Abdelhafid Kheit is the president of the Islamic Community of Sicily and has been an imam in the eastern city of Catania for over 20 years. He says that it is difficult to follow traditional burial practices because the bodies often arrive in a high state of decomposition due to the sea water. The first time he was asked to oversee the process, he says, he was taken aback by the state of the corpses. “It remains one of the most difficult memories of my life,” he says.

“The beautiful thing is not to remain indifferent to others’ suffering.
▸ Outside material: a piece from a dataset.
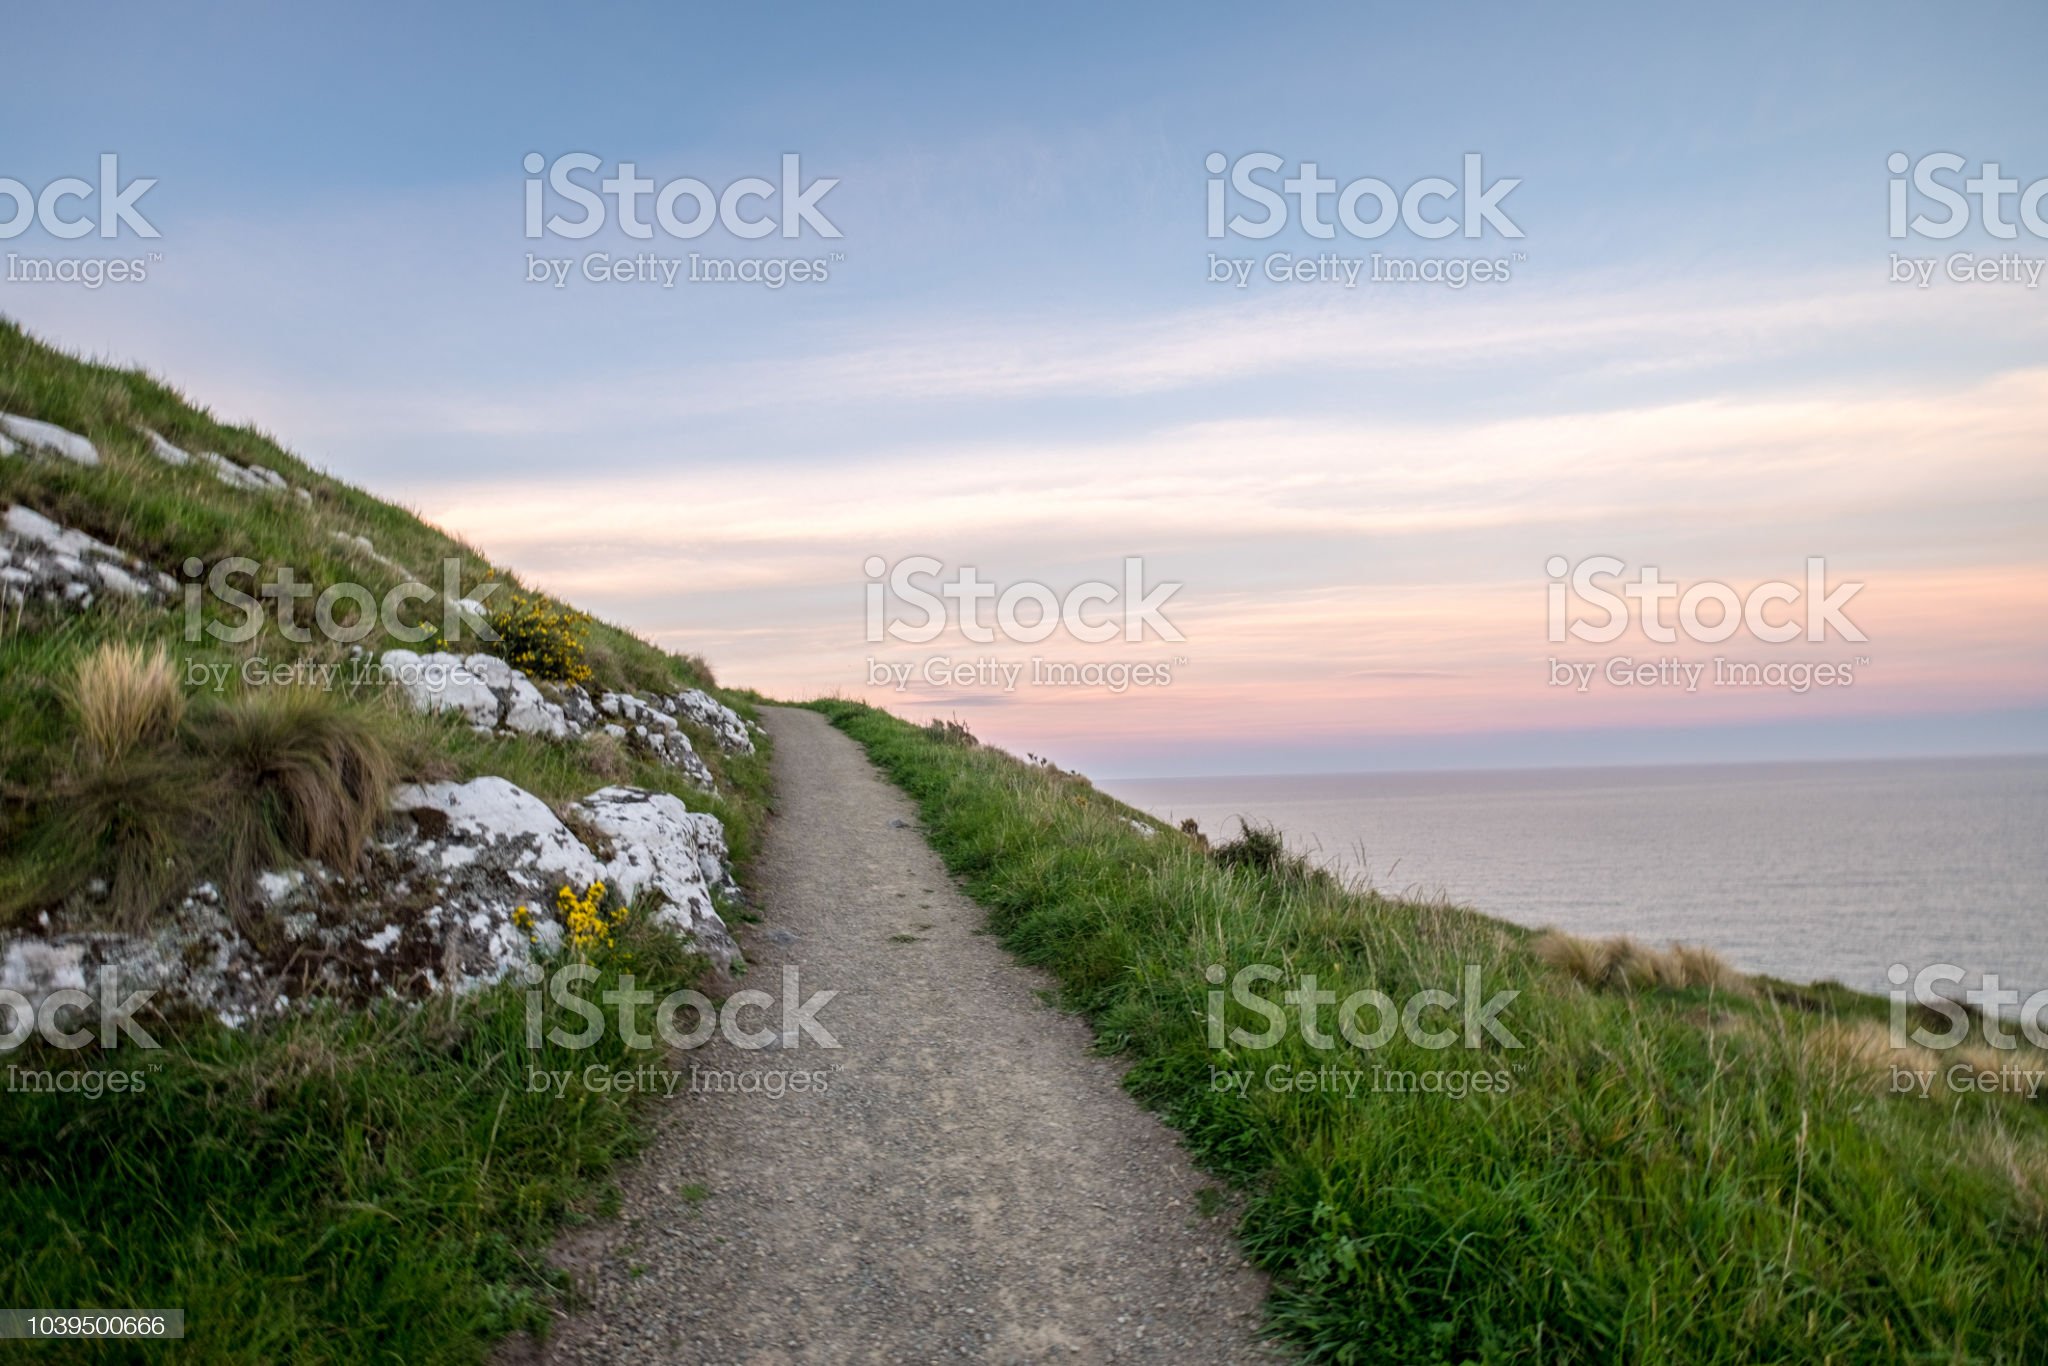 The path is beautiful. It looks as if the road is going nowhere. As the sun is settings, the sky is colourful and vibrant. I can see into the horizon.

It is human work, and one discovers himself through this work.”

Kheit describes the burial services he performs in Catania as “a moment of invocation, of memory… also a moment of pain, and of sharing that pain with everyone.” Despite the difficulty of his task he says that, “the beautiful thing is not to remain indifferent to others’ suffering. It is human work, and one discovers himself through this work.” He recalls one funeral in particular when 17 cadavers were brought to Catania and they were able to find a place for them through collaboration with the mayor and a local university. The graves were adorned with verses from the poem “Migrations” by Nigerian Nobel Prize winner Wole Soyinka.

“Loose sands dog my steps. Loose sands Of deserts, of chiseled seabed shrouds – For some went that way before the answer Could be given – will there be sun? Or rain? We’ve come to the bay of dreams.”

Mirto is concerned that the lack of attention given to counting, tracing and identifying migrant deaths at sea means that “this part of our history is being denied.” She hopes that the families of victims, whom she calls “the most invisible part of this whole tragedy,” will find truth, justice and eventually, peace.